Archive for March 2011
Maggie
Have I mentioned that I love maggie? Yes, I do. So so much. It’s amazing how fast I built this bond. Looking forward to spending more days with maggie. =)
Stupiak Post
Haha, caught an episode of the noose with the BF the other day and they coined this term – stupid plus piak (slap) which makes “stupiak” – I found it super hilarious!
Anyway, as I mentioned, I have better things to do and that means… taking stupiak pictures of myself – cause I am that bored. Wahaha..
Mince my words
That’s just not me. Hide behind a facade, I don’t do – it has come back to bite me but I realised after hearing a not so good news that there are better things to do and worry about. What you and you said perhaps is right – but I didn’t get the message until I heard about the news. There I was bothered about some minute and pathetic issue and here’s some one close to me grappling with such news alone. The scales don’t balance up – my heart only have that little space to fill for people I should love and I should focus on them. I am emotionally spent but in future I will make sure it is only reserved for people who matters.
exit strategy
lots to think about. lots to say.
BEaWARE
This feels so much like a written test for a job interview.
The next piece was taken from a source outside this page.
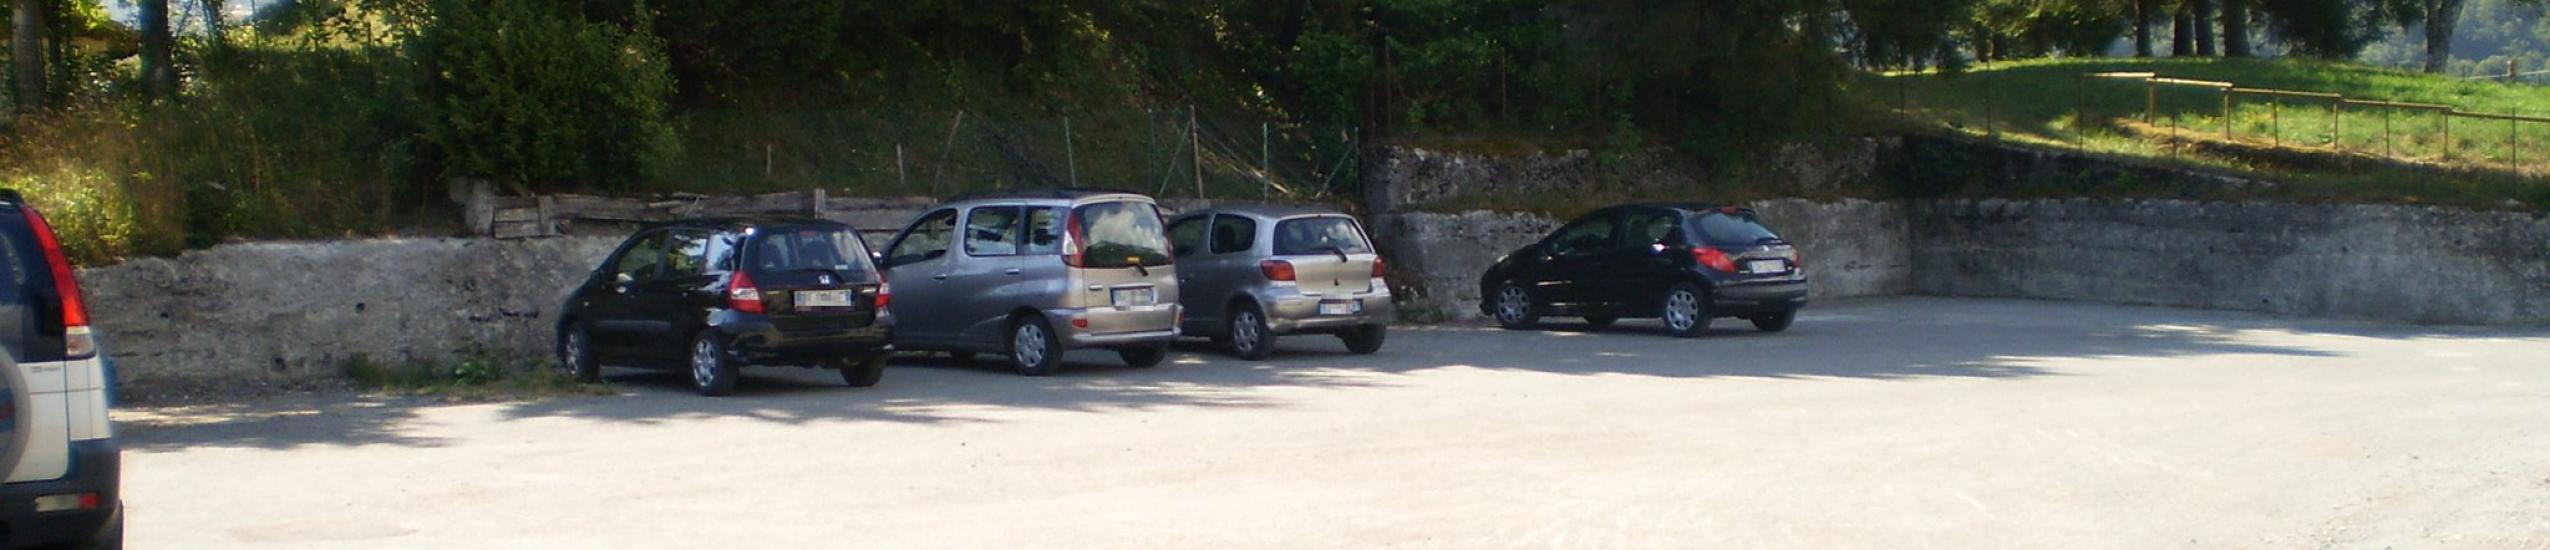 Parcheggio pubblico Esola

For once, I’ve decided to do something about the empty promise I’ve made of spending my time wisely – i.e volunteering – but it is such an arduous task!
To apply, I have firstly filled out an online application form and have now received a questionaire where I have to answer a list of 10 questions – not yes/no/multiple choice questions but open-ended questions that would require me to think/reflect on my past experiences. Perhaps it is a way to filter those truly interested and those who are applying for the sack of applying but it is just a hassle for a procrastinator like me. Some questions like: Name 2 or 3 persons you think have had the greatest influence on your personal life and development. Describe briefly how you see that influence playing out in your life or What lessons did you learn from being a helper and being helped?
This is quite stressful! Anyway, procrastinate no more, I should at least have the draft by today for further review.
Back to racking my brains =)
All Mine!
Finally! One to call my own. At age 26.5 (or thereabouts), I finally have a laptop to call my own! Burnt a hole in my pockets, but it is well worth it! Thankfully, the brother is a Mac pro user and had me connected and up and ready to go.
This only means one thing – you will see more of me, me, me – like it or not. haha.
Protected: Same but different
sleep and me
I have been granted a week’s break from my new boss but it’s funny how I wake up at 8 plus on most days – either awoken by my sister’s alarm clock or a need to drive the Bf to work. I guess it is good this way for I feel more fulfilled that I’ve gotten some things done on my to-do list.
Now – sleep is eluding me. it all boils to a cup of coffee – caffeine and I just don’t go well together. i hate it whenever it gives me sleepless nights like this, when your body craves sleep but your mind is in all places but dreamland.
I have always been a good sleeper – ie I can sleep anywhere, well almost anytime. what I dislike most though is when I am the last person to fall asleep. i also realized last night when the BF took an early night (for once) how much I hated it when he sleeps earlier than me. believe me, I actually felt kinda sad and lonely. it means I can’t call him and ka jiao him before I sleep.
see what caffeine does to me. blogging such a lame post. argh. I wanna see you zhou gong!!